Justice que je demande à grands cris, tant je vois monstrueux, injuste la conduite de certains membres de cette commission. Logiquement une telle commission doit avoir le droit de réprouver toute indécence, vouloir la solidité, exiger de bons matériaux, veiller à ce que le projet présenté ne ridiculise pas les arts et que la conception n’en est pas trop hasardeuse. En dehors de ces cas, c’est de l’arbitraire. Où en seraient les arts si l’artiste, le compositeur, étaient forcés de suivre le goût d’une commission ? L’enfance de l’art règnerait encore.
Oui, monsieur le préfet, après 30 ans de spécialité dans cette partie, je ne crains personne.
[…] Pourtant je me vois acculé au chômage, obligé de fermer mon chantier, de renvoyer mon personnel et la famine pour mes cinq enfants, et cela par caprice, vengeance ou jalousie… Admettre que le goût de quelques-uns puisse s’imposer à celui d’une majorité à laquelle les monuments est destinée, c’est une aberration. […]
J’attends, monsieur le préfet, votre justice. » 36
La justice a pu apparemment s’appliquer : Jules Cartier sera sélectionné pour une dizaine de Monuments dans le département, notamment celui de Lézignan-la-Cèbe.
Dans ce contexte, l’arnaque montée de toutes pièces par Édouard Péricourt nous semble peu probable historiquement parlant. Un artiste ayant soi-disant pignon sur rue à Paris, n’aurait pas pu passer inaperçu aux yeux d’une commission artistique aussi influente et regardante. Bien qu’il propose dans le roman des conseils aux communes afin qu’ils puissent présenter leur demande de subvention, il aurait dû, vu son succès fulgurant, attirer rapidement l’attention. Cette arnaque demeure donc fictive, et constitue, des aveux de l’auteur lui-même, une infidélité à l’« histoire vraie », ainsi qu’il l’écrit dans l’épilogue.

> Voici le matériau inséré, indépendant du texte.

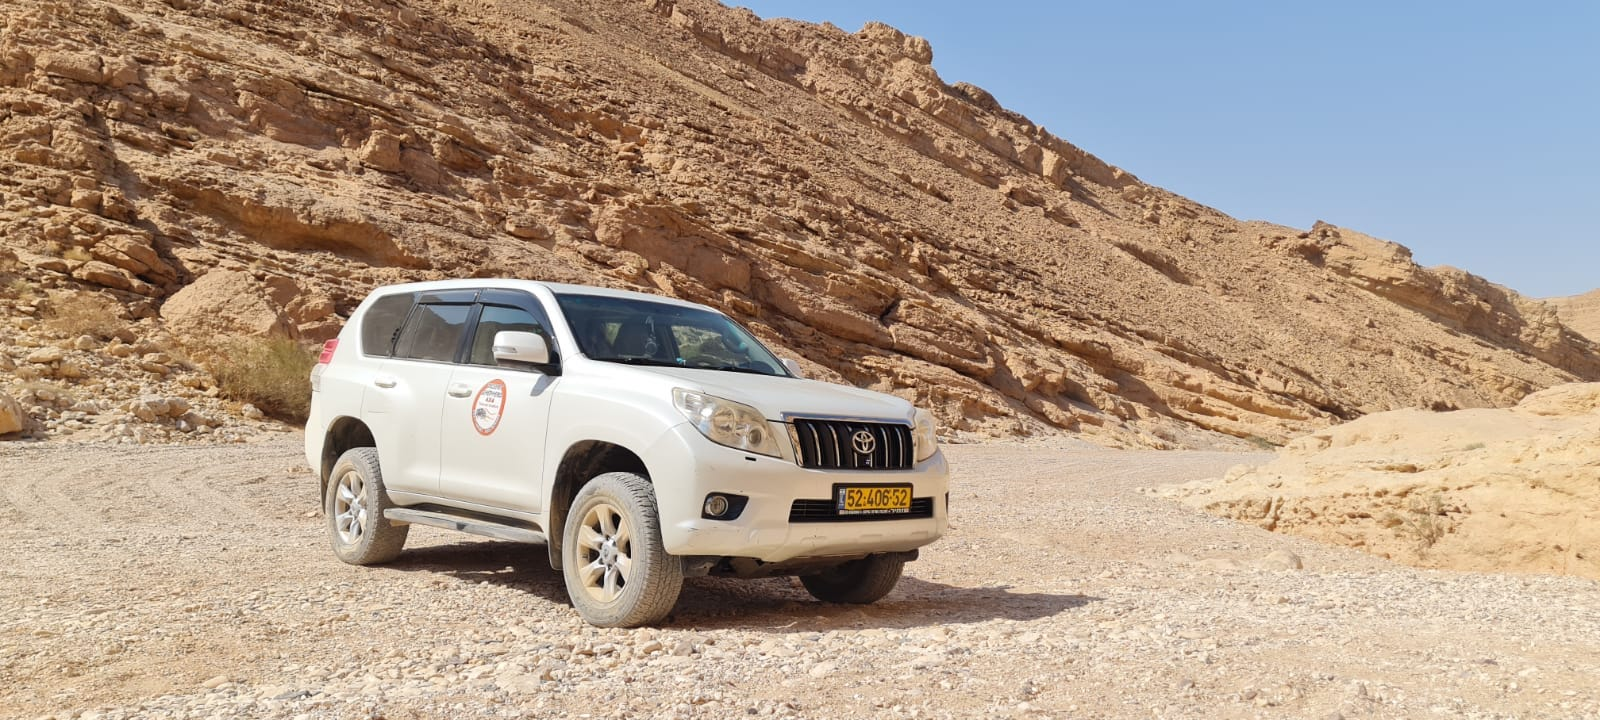 Negev Desert Jeep Tours & Safaris_4

Néanmoins, une pensée d’Albert Maillard nous paraît intéressante. Alors qu’il contemple les Monuments aux Morts qui commencent à surgir, çà et là, dans le paysage, il pense qu’il s’agit surtout d’un témoignage de la manière dont elle a été perçue par l’arrière. En effet, chacun à sa manière, ces monuments expriment des idéaux de l’époque. L’histoire des mentalités trouve ici des éléments de compréhension, que ce soit dans la localisation ou encore l’iconographie utilisée. Et l’Hérault n’est pas en reste de surprises.
Localisation
Que ce soit dans la cour d’école, devant la mairie, dans le cimetière paroissial, ou au plus passant des carrefours, tous ces endroits ne symbolisent pas la même chose.

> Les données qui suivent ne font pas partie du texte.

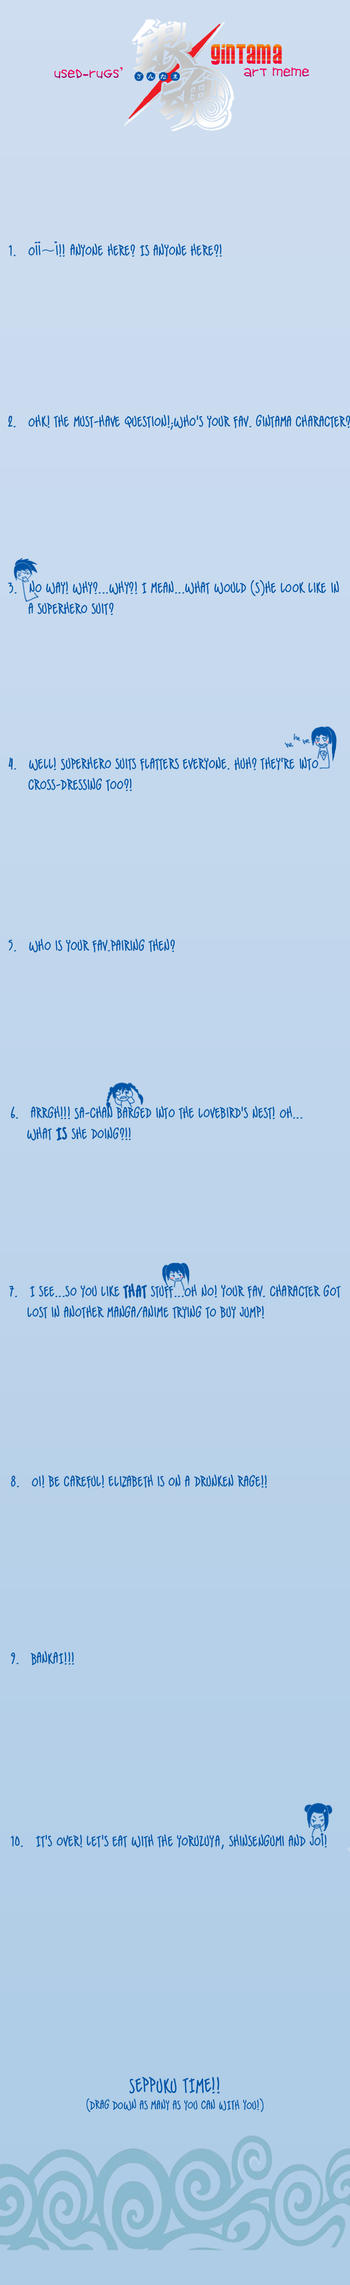 Gintama art meme by used-rugs

Le choix du cimetière, lieu commun du tissu paroissial, souligne une connotation religieuse. Elle peut prendre une dimension particulière si une partie de la population est protestante. Inversement, le choix à proximité de la mairie choque ceux qui demeurent sensibles au sentiment religieux. Certains estiment que ce monument a sa place avec les morts de la commune. Une solution consiste à choisir un endroit spécifiquement dédié, plus neutre. C’est ainsi qu’à Clermont-l’Hérault, une parcelle est acquise juste devant la gare 37. Un carrefour est spécifiquement aménagé à Félines-Minervois, avec des grilles pour surélever le monument aux yeux de tous les passants 38. Il en est de même à Thézan-lès-Béziers 39.
A Montpellier, Béziers et Lodève, les monuments aux morts sont édifiés dans des parcs publics, dans des endroits fréquentés par la population, afin d’être vus de tous. Celui de Montpellier est érigé au bout de l’Esplanade, afin d’en fermer le tracé au nord et de délimiter physiquement un espace public aux multiples symboles 40. Enfin, d’autres communes les placent devant les écoles de garçons, en guise de message pour les enfants qui entrent et qui sortent, en assurant ainsi la transmission pour les générations à venir. Tel est le cas de Magalas, localité où l’école est d’ailleurs construite en même temps que le monument aux morts en 1921 41 : l’un ne va pas sans l’autre.
Iconographie
On en trouve plusieurs catégories.
L’option la plus répandue est la stèle ou obélisque. Il y a là une neutralité du discours, sans sources d’interprétation. En général, l’inscription porte : « Aux enfants de…, morts pour la France ». Tel est le cas à Pinet (Hérault), avec une stèle soutenant une urne funéraire, et portant sur le devant les armes de la commune, utilisées comme source d’identification locale.
Si le coq est peu diffusé, l’image d’une femme est davantage utilisée. Son identification est multiple. Si elle porte des ailes, ou tout simplement une couronne de laurier, il s’agit de l’iconographie antique de la victoire, figure ailée héritée de la mythologie grecque. On en trouve un bel exemple à Frontignan.
Si elle porte un bonnet phrygien sur la tête, il s’agit de la République ou la Nation brisant les chaînes, comme à Lézignan-la-Cèbe. Un drapeau à l’arrière confirme son identification à Saint-André-de-Sangonis.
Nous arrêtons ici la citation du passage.